AfghanistanKampf gegen Taliban statt gegen Drogen
Die Zerstörung von Mohnfeldern durch US-Soldaten in Afghanistan hat in der Vergangenheit die Opiumbauern in die Arme der Taliban getrieben. Nun ändern die USA ihre Strategie.
Unter Eseldung und altem Heu haben Spezialisten der US-Drogenbekämpfungsbehörde DEA in einem afghanischen Stall eine Opiumwerkstatt entdeckt. Das Gebäude liegt nahe der Stadt Mardschah, die sich im Zentrum der derzeitigen NATO-Offensive befindet. Der Besitzer muss sich aber keine Sorgen machen. Die US-Marineinfanteristen haben den Stall gemietet, ihn als Treibstofflager genutzt. Sie werden den Mann nicht der Justiz übergeben, sondern ihm Ende der Woche, wenn sie das Gebäude wieder verlassen, freundlich 600 Dollar Miete überreichen.

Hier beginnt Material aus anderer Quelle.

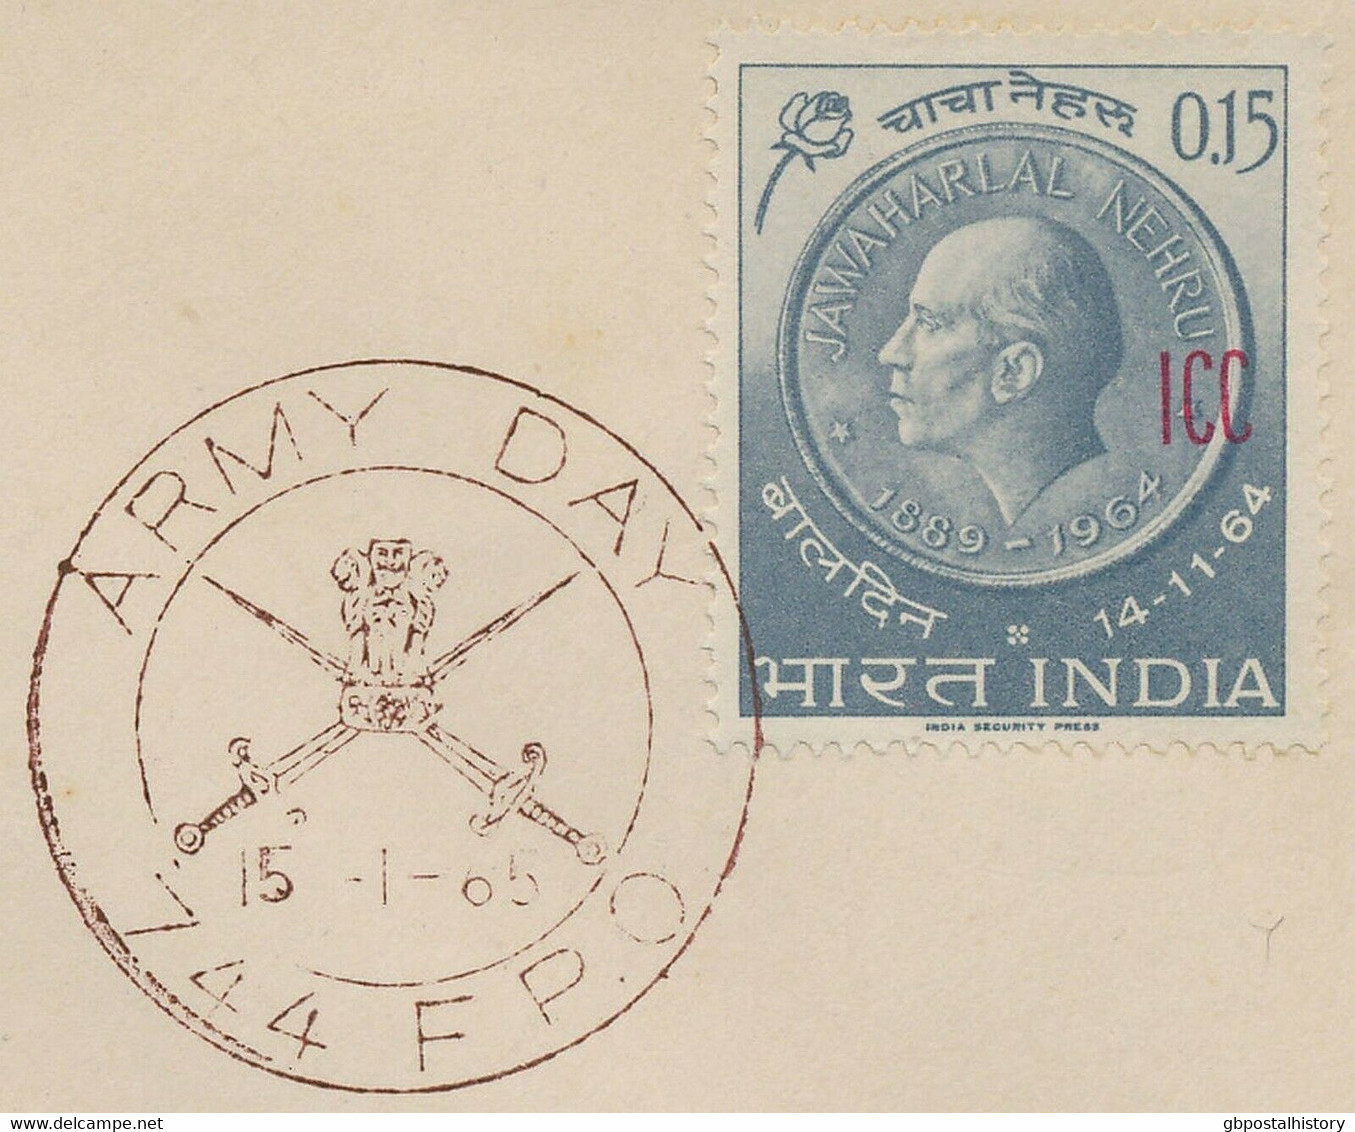 INDIA Indian Police Forces In Laos 1965 Army Day  "ARMY DAY / 744 F.P.O." FDC R! - Military Service Stamp

Der Fall zeigt, wie sich die Strategie der US-Streitkräfte verändert hat: Zwei Kilogramm Opium, fünf grosse Säcke mit Schlafmohn-Samen, Sicheln, Krüge und allerlei andere Utensilien sind nicht unbedingt ein Grund, jemanden ins Gefängnis zu werfen. Zu gross ist die Sorge des Westens, die örtlichen Bauern in die Hände der Taliban zu treiben. Und diese sind bei der derzeitigen Offensive das Ziel - alle anderen Wünsche müssen zurückstehen.

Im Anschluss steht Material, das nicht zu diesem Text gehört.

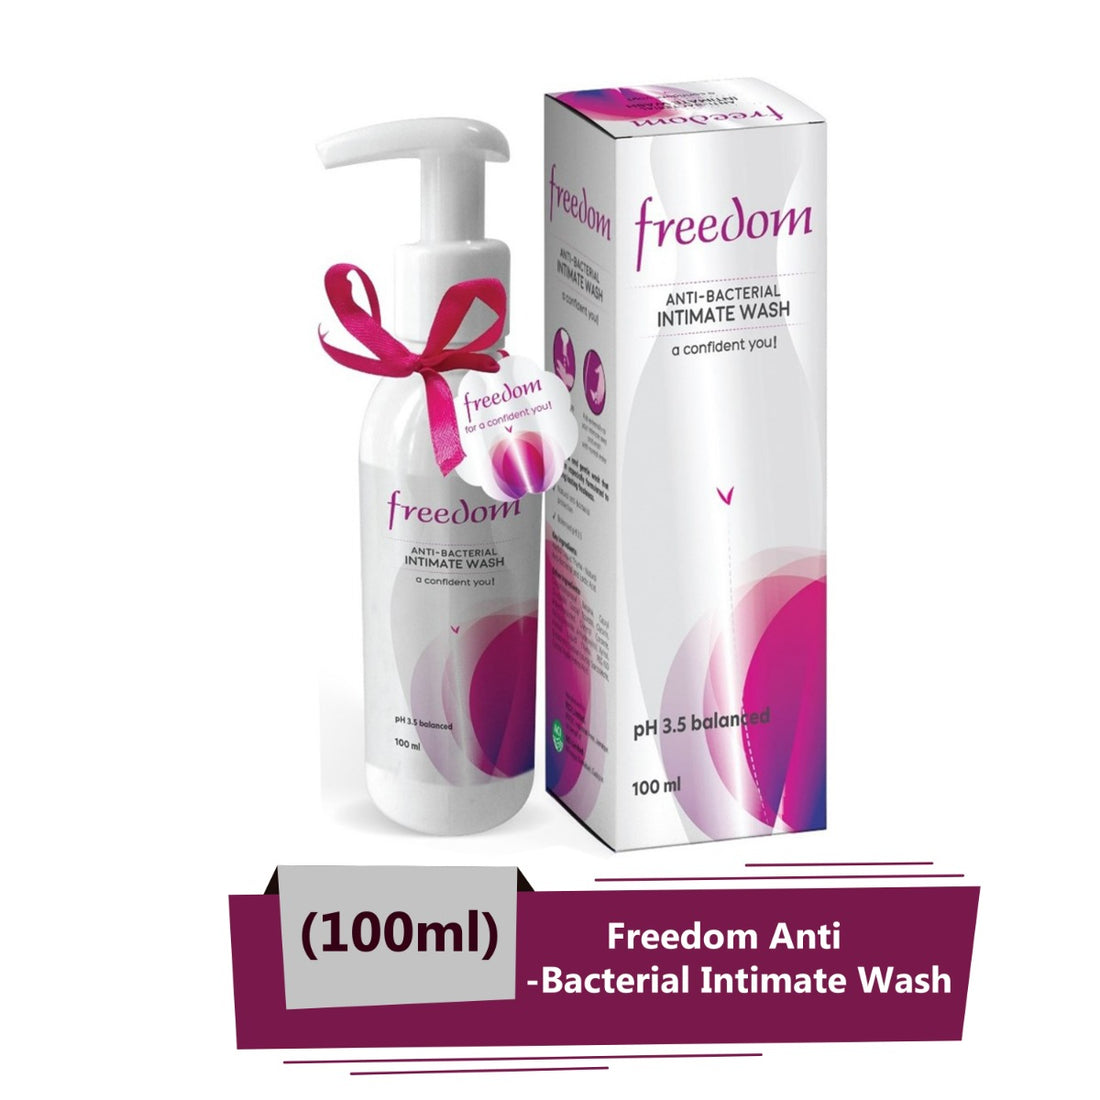 Freedom Anti-Bacterial Intimate Wash (100ml)

Kampf gegen Opium machte Bauern zu Taliban
Jahrelang hat die afghanische Regierung mit Unterstützung der USA versucht, die Mohnfelder zu vernichten, die als Rohstoff für die Opiumproduktion gebraucht werden. Doch dies hat immer wieder verarmte und aufgebrachte Bauern hervorgebracht, die schnell zum Sicherheitsrisiko wurden. Wenn ständig Militärkonvois in der Umgebung mit Sprengfallen angegriffen werden, haben die Drogenbekämpfer kein Interesse, durch eine harte Politik den Taliban zusätzliche Anhänger zu bescheren, die noch mehr Bomben bauen und Überfälle planen.
Mittlerweile werden die Opiumbauern in Ruhe gelassen, obwohl Afghanistan für weltweit 90 Prozent der Heroinherstellung verantwortlich ist. Allein in der Provinz Helmand wird fast die Hälfte davon angebaut. Eigentlich hätte auch nach der neuen Strategie der Besitzer des Stalls bestraft werden müssen. Offiziell soll zumindest gegen Heroin-Schmuggler und Labors vorgegangen werden. Doch für die US-Streitkräfte und die Drogenbehörde am Ort ist das eine Abwägungssache.
Angst vor aufgebrachten Zivilisten
Den Besitzer der Drogenküche im Stall hätten sie natürlich dingfest machen können, sagt ein DEA-Beamter, der sich als Joe vorstellt. Der Mann habe allein 250 Kilogramm Schlafmohnsamen besessen, um schnell wieder anbauen zu können, falls US-Soldaten seine Ernte vernichten sollten. «Doch dann kommt diese ganze Sache mit den Köpfen und Herzen mit ins Spiel», sagt der Beamte - und bezieht sich auf die offizielle US-Politik, afghanische Zivilisten besser nicht gegen sich aufzubringen.
«Natürlich gäbe es genug zu tun», sagt ein anderer US-Drogenbekämpfer, der sich nur Jack nennt. Vier Tage am Stück sind er und die Marineinfanteristen durch Mohnfelder getrottet. Allein dem örtlichen Stammesführer sollen rund zwölf Quadratkilometer davon gehören. Aber die US-Streitkräfte tun ihm nichts. Stattdessen wollen sie ihn als Verbündeten gewinnen.
Verdächtiger Drogenhersteller ist Vorsitzender des Rates
Am ehesten könnte man die Drogenhersteller noch den Stammesräten übergeben, meinen die DEA-Beamten. Dem wackeligen Justizsystem in Kabul vertrauen sie nicht. Doch was könne man schon tun, wenn der Besitzer der Drogenwerkstatt zugleich der Vorsitzende des örtlichen Ältestenrats sei?
«Ich hätte diesen Fall gerne untersuchen lassen», sagt Leutnant Scott Holub von der Marineinfanterie. Er verhandelte mit dem Scheunenbesitzer über die Miete. «Doch das würde sich nicht lohnen.» Kurz danach werfen die Soldaten die gefundenen Beweise auf einen Haufen und zünden ihn an.